The cause of acne in incriminating teens is revealed, and the result: "ulcerous sores, in some cases, break out upon the head, breast, back and thighs; and these sometimes enlarge into permanent fistulas, of a cancerous character, and continue, perhaps for years, to discharge great quantities of foetid, loathsome pus; and not unfrequently terminate in death."

After 1834, Graham stopped lecturing about sexuality and started focussing his attention on nutrition. The frank talk had become too heated, too divisive. Graham considered his move into dietary reform a natural, evolutionary step: the proper diet moderated sexual desire.

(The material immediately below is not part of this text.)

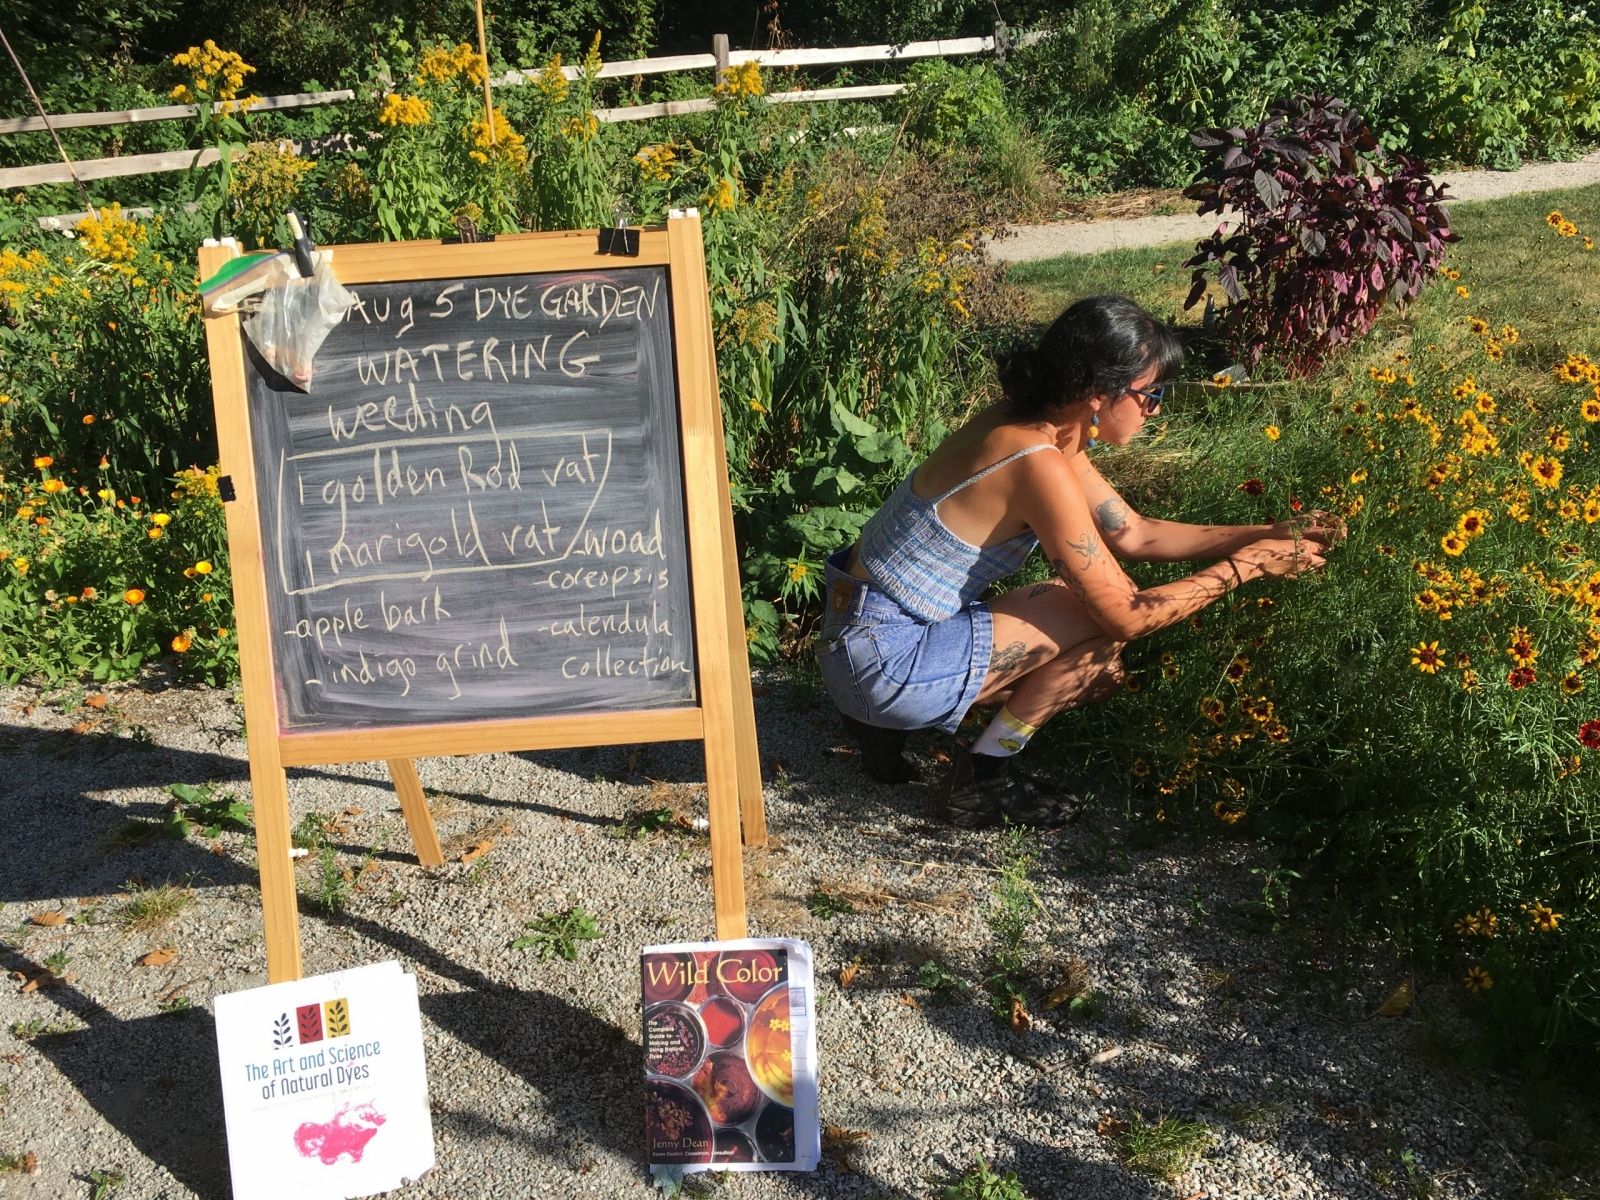 Harvesting coreopsis flowers in the Colour me Local Dye Garden in preparation for making a dye vat at the Gardeners’ Gathering, 2020. Credit: Carmen Rosen / Still Moon Arts Society

From his early days, Graham believed both kinds of hunger -- sexual and nutritional -- threatened good health. Here, he was influenced by homeopath William Metcalfe. Metcalfe, an English clergyman, was the first public advocate of vegetarianism in American and a strong believer in the future of asparagus seed as a coffee substitute. But while Metcalfe argued vegetarianism on moral grounds, Graham was more concerned with the carnal passions meat-eating provoked. Reflecting the prevailing view of his day, Graham considered the stomach the major organ of the body, so anything that inflamed it was compared to lust. The medical profession was evil, according to Graham, and, besides, there was no need for it since: "Disease is never the legitimate result of the normal operation of any of our organs." All irritations or excitements such as hunger or sexual desire exhausted the body and increased the chance of disease and death. Fortunately, this made the cure for virtually ever human sickness simple--sexual moderation (no more than 12 times a year for married couples), exercise (to help prevent nocturnal emissions) and the proper diet (to facilitate free peristaltic action of the bowels, among other benefits).